Net effect: a sliced run builds zero usable indexes and every search returns empty. This is exactly the symptom reported in #127 ([BUG] evaluation: BM25/Embedding index filenames mismatch when running with --from-conv/--to-conv, causing empty retrieval).

This PR aligns stage 2 (and the adapter's skip-logic probe) to the same global-id key:

  • stage2_index_building.build_bm25_index / build_emb_index now iterate the global conv ids actually in play. The adapter passes the exact slice via a new conv_ids argument; a discover_conv_ids() helper derives ids from the memcell_list_conv_*.json filenames as a fallback for the standalone CLI entry point (main()).
  • evermemos_adapter._check_missing_indexes now probes by global conv ids instead of range(num_conv), so the smart-skip logic no longer always reports a slice's indexes as missing and rebuilds them under the wrong filenames.

Why

range(num_conv) is a silent correctness bug for any non-full run: the slice's conversations keep their global ids, but the builder assumed a contiguous 0..N-1 local space. The full dataset (--from-conv 0) happened to work only because local and global ids coincide there, which is why it went unnoticed.

Tests

Adds methods/EverCore/tests/test_evaluation_index_filename_conv_ids.py, which reproduces the slice fully offline — no docker, no LLM, no network (BM25 path only; the bug is a filename-mapping bug):

  • test_bm25_index_filenames_match_global_conv_ids — writes memcell_list_conv_5/6/7.json (a slice) with local num_conv=3, builds indexes, and asserts the produced files are bm25_index_conv_5/6/7.pkl (what search reads) and that the buggy conv_0/1/2.pkl are absent.
  • test_built_filename_matches_search_lookup_key — asserts the filename the search stage computes via _extract_conv_index exists on disk after the build.
  • test_check_missing_indexes_uses_global_conv_ids — asserts the skip-logic probe keyed by global ids reports nothing missing, while the old local-range keying would wrongly report ["0","1","2"].
  • test_discover_conv_ids_* — the disk-discovery helper returns the global ids and sorts them numerically (2 before 10).
  • test_real_adapter_check_missing_indexes_keys_by_global_id — exercises the real EverCoreAdapter method when importable.

Run locally:

cd methods/EverCore
uv sync
PYTHONPATH=src pytest tests/test_evaluation_index_filename_conv_ids.py -v

Result in this build: 6 passed, 1 skipped.

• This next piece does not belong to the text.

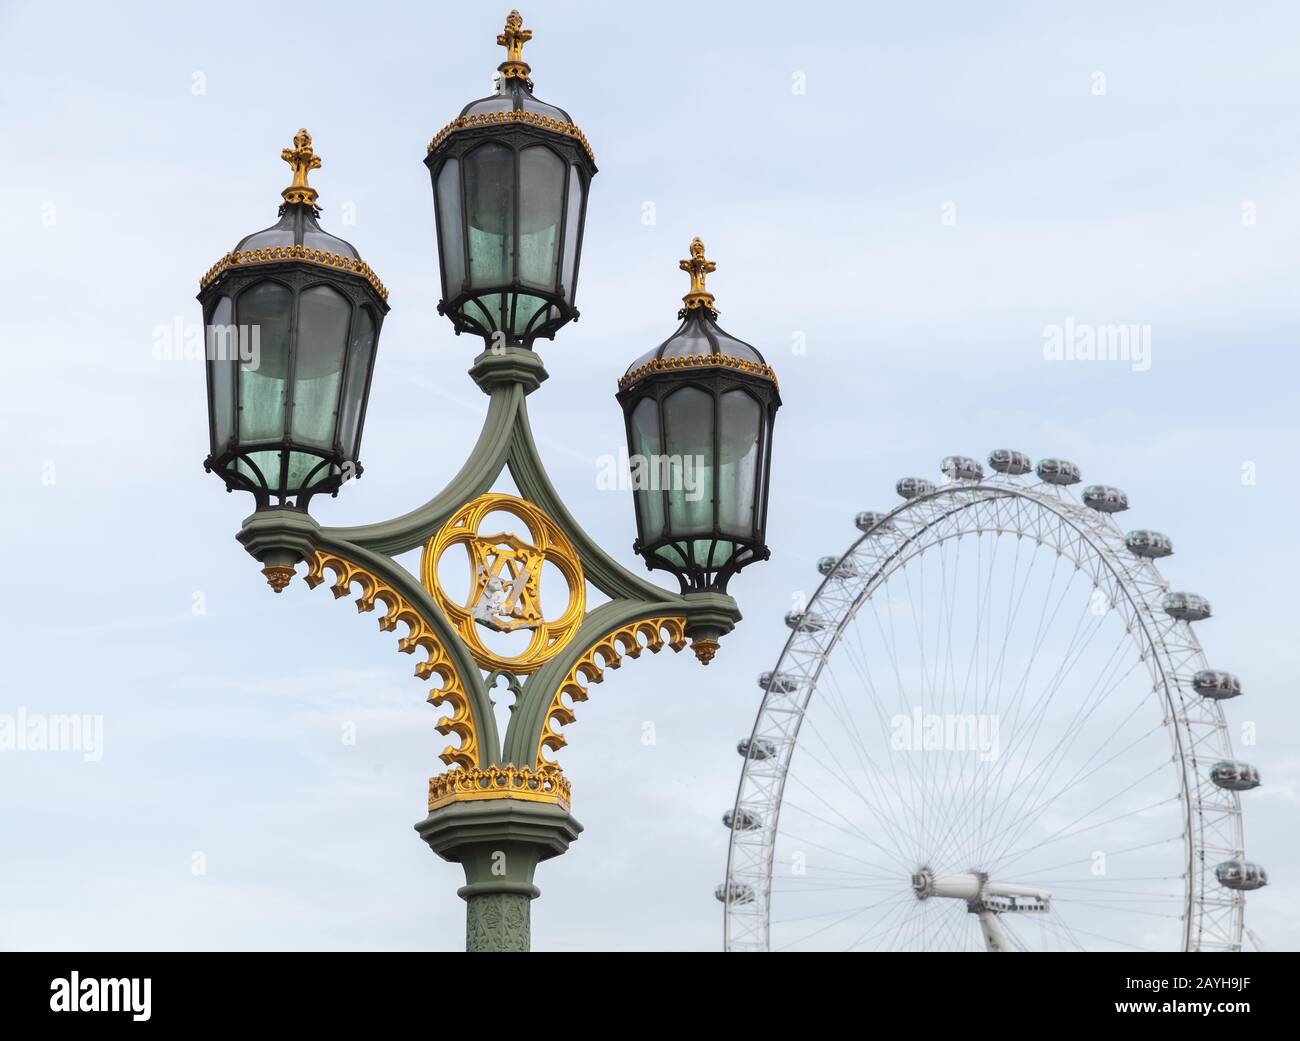 Londres, Royaume-Uni - 31 octobre 2017 : feu de rue vintage et roue géante Ferris London Eye sur fond Banque D'Images

Skip note: the one skipped test imports the full EverCoreAdapter, whose chain currently hits an unrelated, pre-existing import break on mainstage1_memcells_extraction.py imports ScenarioType from memory_layer.profile_manager, which no longer exports it. That break exists on clean origin/main and is not introduced by this PR; the test skips cleanly and auto-enables once that unrelated import is fixed. The core stage-2 reproduction does not touch that chain and runs fully.

Before / after (mechanism)

files on disk (stage1, global ids): memcell_list_conv_5/6/7.json
OLD stage2 looked for (local range): memcell_list_conv_0/1/2.json
OLD stage2 found: []  -> builds 0 indexes -> search reads conv_5/6/7.pkl (never written) -> EMPTY
NEW stage2 builds:  bm25_index_conv_5/6/7.pkl  == what search reads -> non-empty

Scope

Surgical: two source files (evaluation/src/adapters/evermemos/stage2_index_building.py, evaluation/src/adapters/evermemos_adapter.py) plus one new regression test. No schema, no repository-layer, no docker-compose, no docs churn — deliberately narrower than the broad 21-file prior-art PR (#136).

Closes #127.

Credit

Prior community work diagnosed the same --from-conv/--to-conv filename mismatch. Co-author preserved on the commit:

Co-authored-by: Jah-yee 166608075+Jah-yee@users.noreply.github.com
Co-Authored-By: Claude Opus 4.8 (1M context) noreply@anthropic.com

🤖 Generated with Claude Code

…nd-AI#127)

The eval index-building stage (stage 2) wrote BM25/Embedding index files
keyed by a local range(num_conv) counter (conv_0..conv_{N-1}), while
stage 1 (memcell writer) and the search stage (reader) both key off the
GLOBAL conversation id extracted from conversation_id via
_extract_conv_index (e.g. "locomo_5" -> "5").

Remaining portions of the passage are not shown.